I was talking with a Stratis developer today. One thing worth thinking about is whether it would make sense to potentially focus on having Ignition configure Stratis. That way we get out of the business of doing e.g. raid/lvm/dm-crypt directly ourselves. (He said Stratis is working on dm-crypt)
I could imagine for example if Stratis itself provided a stable declarative language (not sure it does today) then we could just pass that through too.
I heard stratis was a failed experiment from @Conan-Kudo
Ehh, it's still around and being developed (but not by the guy who designed it, who left), but I don't see enthusiasm from anybody over it.
I could imagine for example if Stratis itself provided a stable declarative language (not sure it does today) then we could just pass that through too.
If there were a good healthy project for this I would certainly love to depend on another project for this if we could, kind of like how we're passing off network management to NetworkManager.
If there were a good healthy project for this I would certainly love to depend on another project for this if we could, kind of like how we're passing off network management to NetworkManager.
Wouldn't this be UDisks?
Wouldn't this be UDisks?
That's a useful point, thanks; UDisks is also a daemon with a DBus API to manage storage that also doesn't currently have an Ignition-like declarative frontend. And you're right that it is well tested and maintained, and even currently supports dm-crypt as well as LVM.
However...UDisks is much more "raw" and less opinionated about the storage stack; Stratis for example tries to tie together various layers in a much more opinionated way and then having tooling that allows admins to not have to think about the "filesystem" versus "lvm" layers.
that also doesn't currently have an Ignition-like declarative frontend.
(OK there's kickstart but I think Anaconda is still using blivet and not udisks/storaged?)
To support Stratis requires moving away from dd based installations. Stratis expects to have complete control over the entire stack. That suggests rsync?
I think Stratis makes sense from a Red Hat business perspective, there are many md/mdadm, device-mapper, LVM, and XFS developers. But I don't think technology wise it's that interesting for Fedora.
As it relates to this issue, I think more interesting is for CoreOS to revisit its Btrfs roots. A different direction was once necessary for entirely valid reasons.
Related, I wonder whether it'd be useful to remove Btrfs complexity in Anaconda, and use Ignition instead to do things like setup subvolumes and raid.
To support Stratis requires moving away from dd based installations.

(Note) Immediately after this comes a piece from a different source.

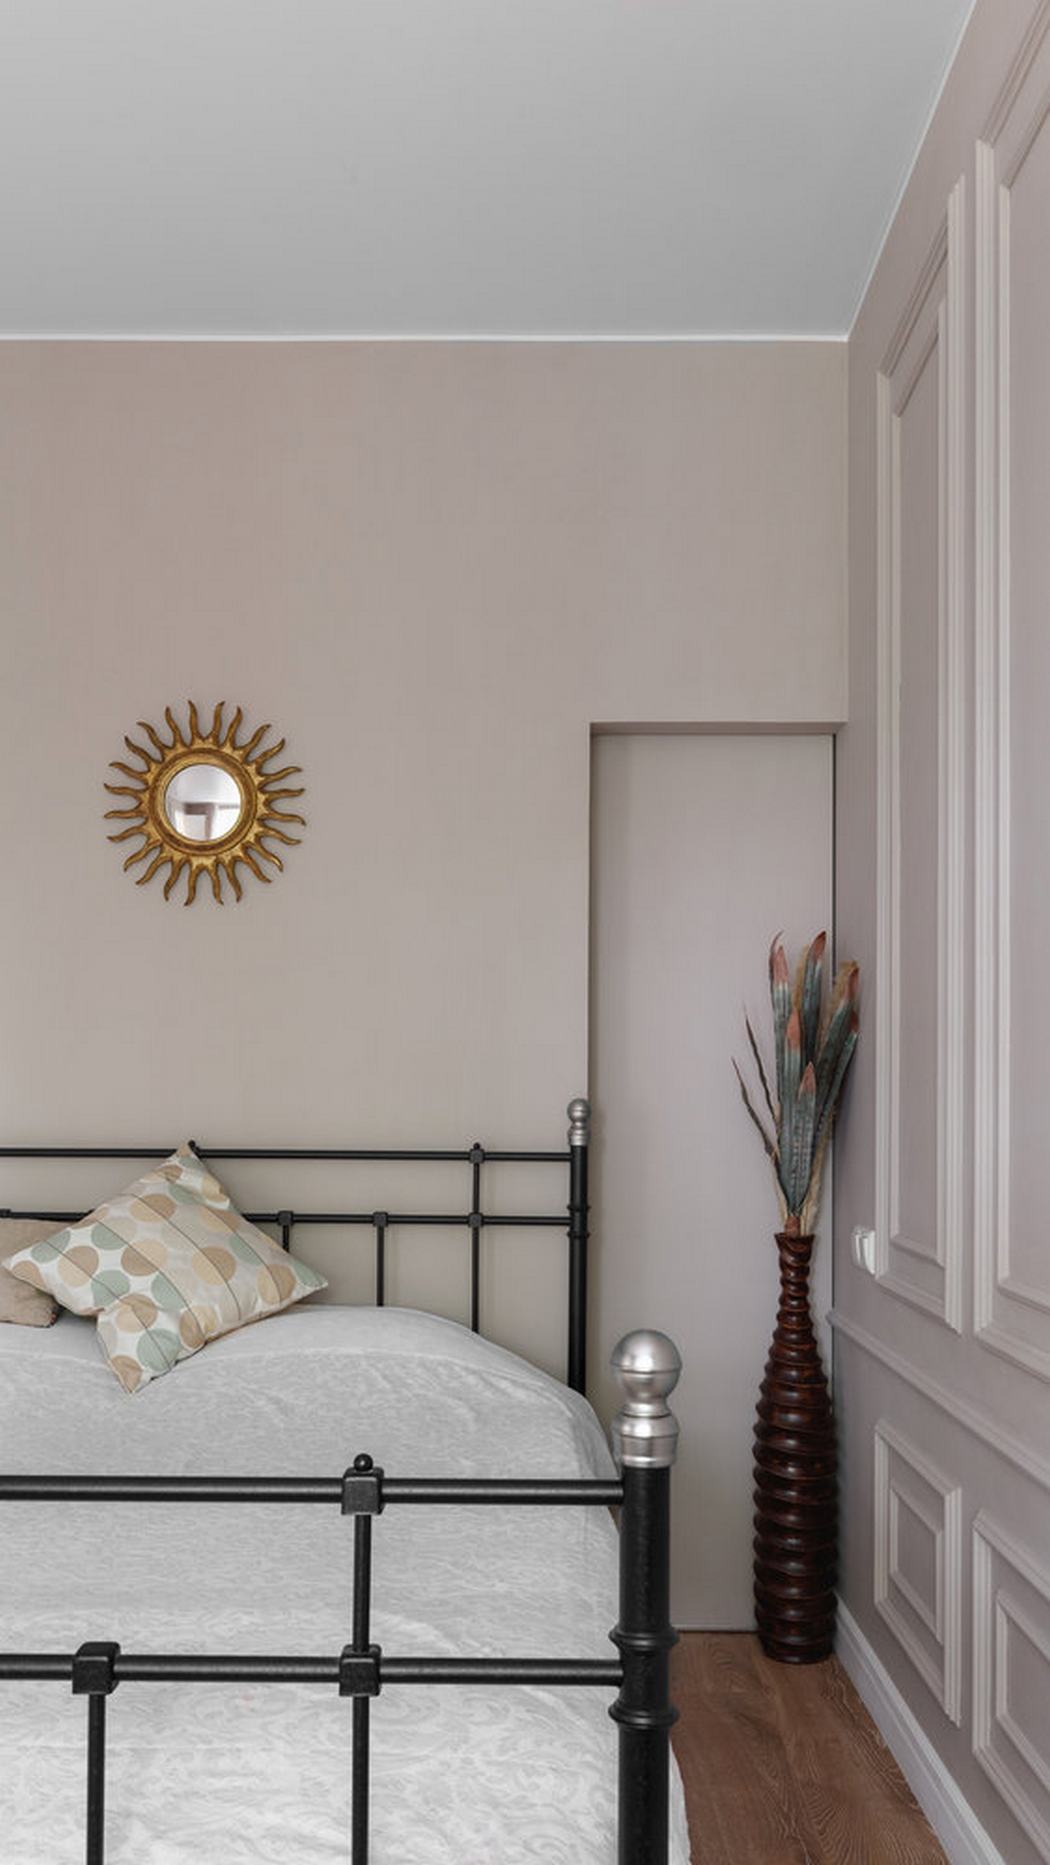 Phòng ngủ là khu vực cần sự thư giãn, yên tĩnh, vì thế nhà thiết kế nội thất đã lựa chọn gam màu be để sơn toàn bộ bức tường, trần nhà màu trắng, khung giường sơn đen và tấm gương tròn như một ông mặt trời nhỏ làm điểm nhấn.

No. This whole issue is about having Ignition support for reprovisioning the rootfs on boot. For a bare metal install, the flow would be to dd the "default" (ext4 /boot, xfs /) image to disk, and on boot the Ignition config would say to use stratis, and we copy the rootfs to RAM, set up stratis for /, then copy the rootfs back.
See the discussion above.
Yes, this may seem silly on bare metal to copy an image only to on the next boot rewrite it, but the big advantage is total parity between cloud and bare metal; one can just as easily use RAID/stratis/luks/whatever in AWS/GCP/etc. as one can on metal.
we copy the rootfs to RAM ... then copy the rootfs back
What does copy mean? cp -a? rsync -a? xfs_copy?
What does copy mean? cp -a? rsync -a? xfs_copy?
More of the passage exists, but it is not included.